Conversely, the adoption of LLMs is entwined with ethical and social concerns ^(19){ }^{19}. In their seminal work, Bender et al. anticipated real-world harms that could arise from the deployment of LLMs^(20)\mathrm{LLMs}^{20}. Scholars have delineated potential risks across various application domains ^(21,22){ }^{21,22}. The healthcare and medical fields, being particularly sensitive and heavily regulated, is notably susceptible to ethical dilemmas.

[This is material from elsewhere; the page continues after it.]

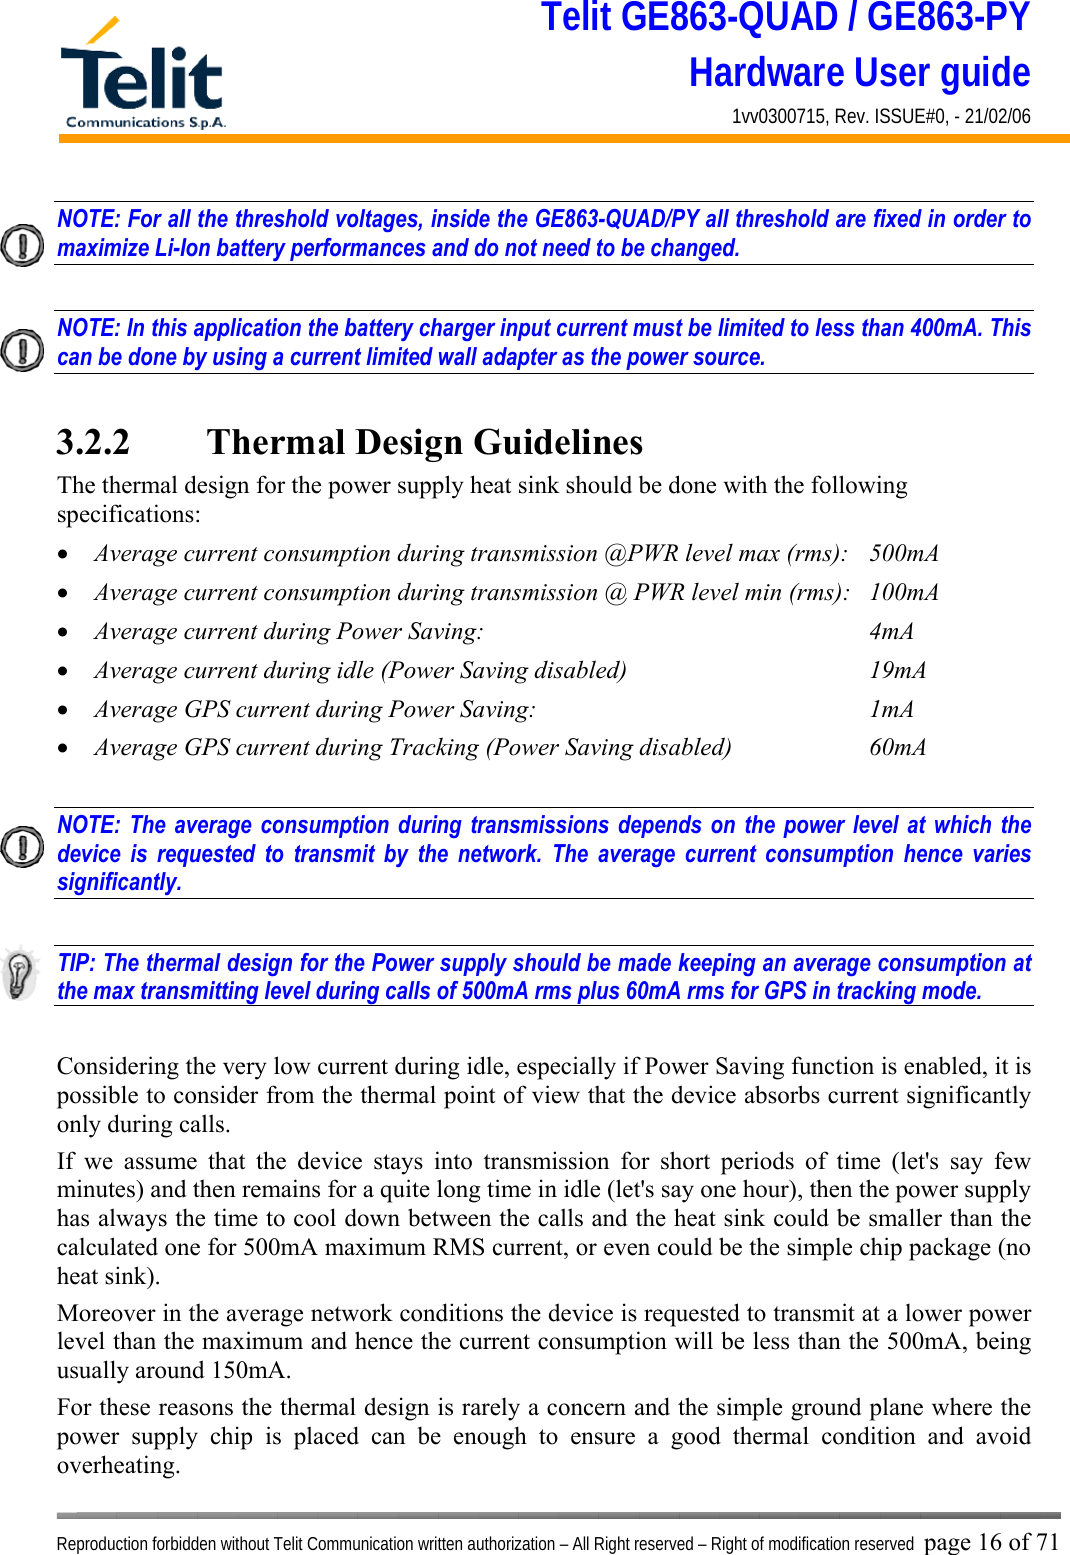 Telit GE863-QUAD / GE863-PY Hardware User guide 1vv0300715, Rev. ISSUE#0, - 21/02/06    Reproduction forbidden without Telit Communication written authorization – All Right reserved – Right of modification reserved page 16 of 71 NOTE: For all the threshold voltages, inside the GE863-QUAD/PY all threshold are fixed in order to maximize Li-Ion battery performances and do not need to be changed.  NOTE: In this application the battery charger input current must be limited to less than 400mA. This can be done by using a current limited wall adapter as the power source.  3.2.2   Thermal Design Guidelines The thermal design for the power supply heat sink should be done with the following specifications: •  Average current consumption during transmission @PWR level max (rms):  500mA •  Average current consumption during transmission @ PWR level min (rms):  100mA  •  Average current during Power Saving:             4mA •  Average current during idle (Power Saving disabled)        19mA •  Average GPS current during Power Saving:           1mA •  Average GPS current during Tracking (Power Saving disabled)    60mA  NOTE: The average consumption during transmissions depends on the power level at which the device is requested to transmit by the network. The average current consumption hence varies significantly.  TIP: The thermal design for the Power supply should be made keeping an average consumption at the max transmitting level during calls of 500mA rms plus 60mA rms for GPS in tracking mode.  Considering the very low current during idle, especially if Power Saving function is enabled, it is possible to consider from the thermal point of view that the device absorbs current significantly only during calls.  If we assume that the device stays into transmission for short periods of time (let&apos;s say few minutes) and then remains for a quite long time in idle (let&apos;s say one hour), then the power supply has always the time to cool down between the calls and the heat sink could be smaller than the calculated one for 500mA maximum RMS current, or even could be the simple chip package (no heat sink). Moreover in the average network conditions the device is requested to transmit at a lower power level than the maximum and hence the current consumption will be less than the 500mA, being usually around 150mA. For these reasons the thermal design is rarely a concern and the simple ground plane where the power supply chip is placed can be enough to ensure a good thermal condition and avoid overheating.

This sector is also underpinned by stringent ethical norms, professional commitments, and societal role recognition. Despite the potential benefits of employing advanced AI technology, 相反,LLMs 的采用与伦理和社会问题紧密相关 ^(19){ }^{19} 。在 Bender 等人开创性的工作中,他们预见了部署 LLMs 可能带来的实际危害 LLMs^(20)\mathrm{LLMs}^{20} 。学者们已经界定了各种应用领域中潜在的风险 ^(21,22){ }^{21,22} 。医疗和医学领域,由于其高度敏感性和严格的监管,特别容易受到伦理困境的影响。该领域还受到严格的伦理规范、专业承诺和社会角色认可的支撑。尽管先进的 AI 技术具有潜在的好处,
researchers have underscored various ethical implications associated with using LLMs in healthcare and health-related research ^(4,6,7,23-26){ }^{4,6,7,23-26}. Paramount concerns include the propensity of LLMs to disseminate inadequate information, the input of sensitive health information or patient data, which raises significant privacy issues ^(24){ }^{24}, and the perpetuation of harmful gender, cultural or racial biases ^(27-30){ }^{27-30}, well known from machine learning algorithms ^(31){ }^{31}, especially in healthcare ^(32){ }^{32}. Case reports have documented that ChatGPT has already caused actual damage, potentially life-threatening for patients ^(33){ }^{33}. 研究人员强调了在医疗和健康相关研究中使用 LLMs 所涉及的各种伦理问题 ^(4,6,7,23-26){ }^{4,6,7,23-26} 。主要担忧包括 LLMs 传播不准确信息的可能性,输入敏感的健康信息或患者数据,这引发了重大隐私问题 ^(24){ }^{24} ,以及延续有害的性别、文化或种族偏见 ^(27-30){ }^{27-30} ,这些问题在机器学习算法中早已为人所知 ^(31){ }^{31} ,尤其是在医疗领域 ^(32){ }^{32} 。案例报告已经记录了 ChatGPT 已经造成了实际损害,甚至可能对患者构成生命威胁 ^(33){ }^{33} 。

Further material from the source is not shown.